Saltalamacchia and Fields both rated as “B” prospects in John Sickels’ Baseball Prospect Book 2007. Neither qualified in 2008, but Evan Longoria rated “A”. In fact, both Baseball America and Sickels rated Longoria the no. 2 overall prospect in all of baseball. Longoria couldn’t be more ready – offensively and defensively. What you have in Longoria now is a .345/.470 hitter with stellar defense and a dedicated 22 year old’s probability of rapid improvement. Even in this age where it pays to keep your top prospects in the minors as long as possible, I challenge you to find a comparable prospect suppressed as Longoria is now that he has been returned to AAA. Here is an article from a Tampa Bay blog which attempts to do just that. Below it is my rebuttal. The closest case is not-coincidently another Tampa Bay Ray: BJ Upton!

 

Who is blocking Longoria? Willy Aybar – a utility infielder the Braves were all too eager to package along with a pitching prospect for a 27 year old reliever Jeff Ridgeway struggling just to make the majors. This holding back of Longoria’s playing time is so blatant to anyone who examines it carefully, it degrades the integrity of Major League Baseball.

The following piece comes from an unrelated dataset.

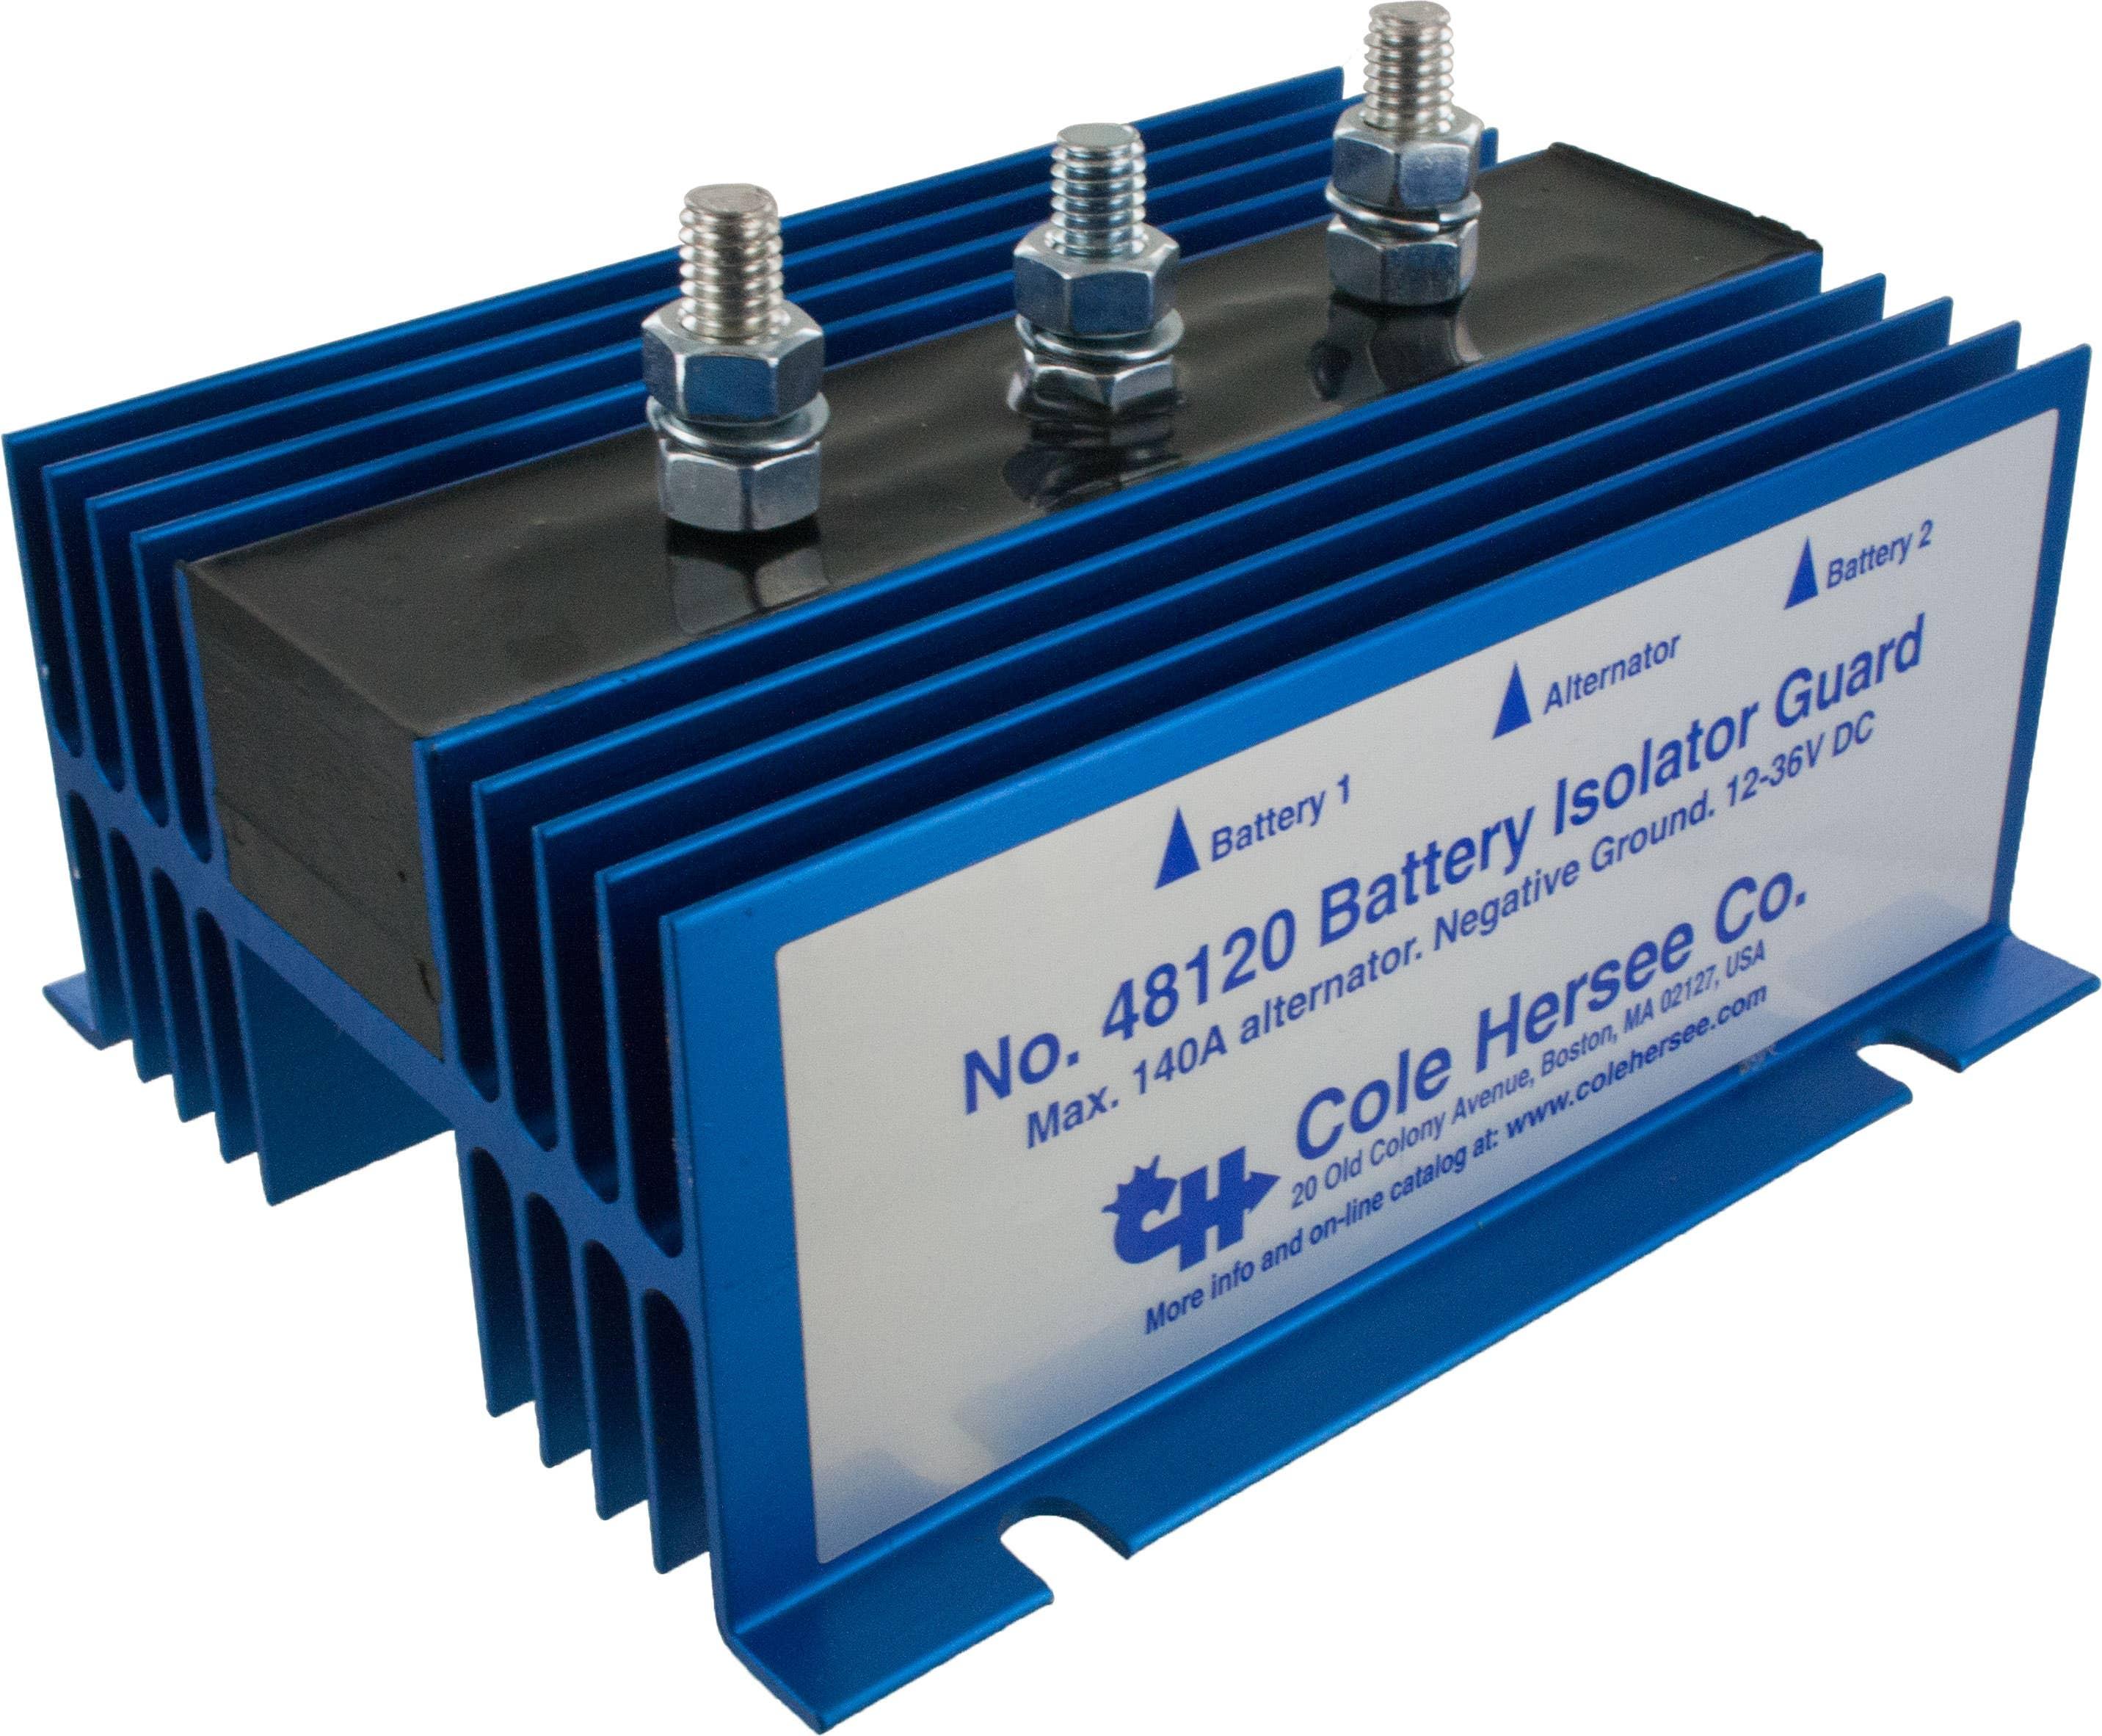 Cole Hersee 48120 Battery Isolator Elecdirect Marine Further 2 Alternator 3 Wiring

Adding to the disgrace is that the team pretended Longoria had a chance of winning the job this spring.

 

There is a good chance I would think differently about this, if it were my millions that I would have to pay Longoria a year earlier over a few months of playing now. However, the Rays get subsidized by the Yankees and other baseball revenues. Surely they could afford to do the right thing for the sake of the game. Sorry, my ethical meter is in the red on this.

 

The Rays have the no. 1 pick this June. Please, join me in wishing that whoever they most hope to draft with that precious pick will be wise to their cheap ploy and either refuse to sign with them or, if possible, build a contract insuring that this does not happen to them.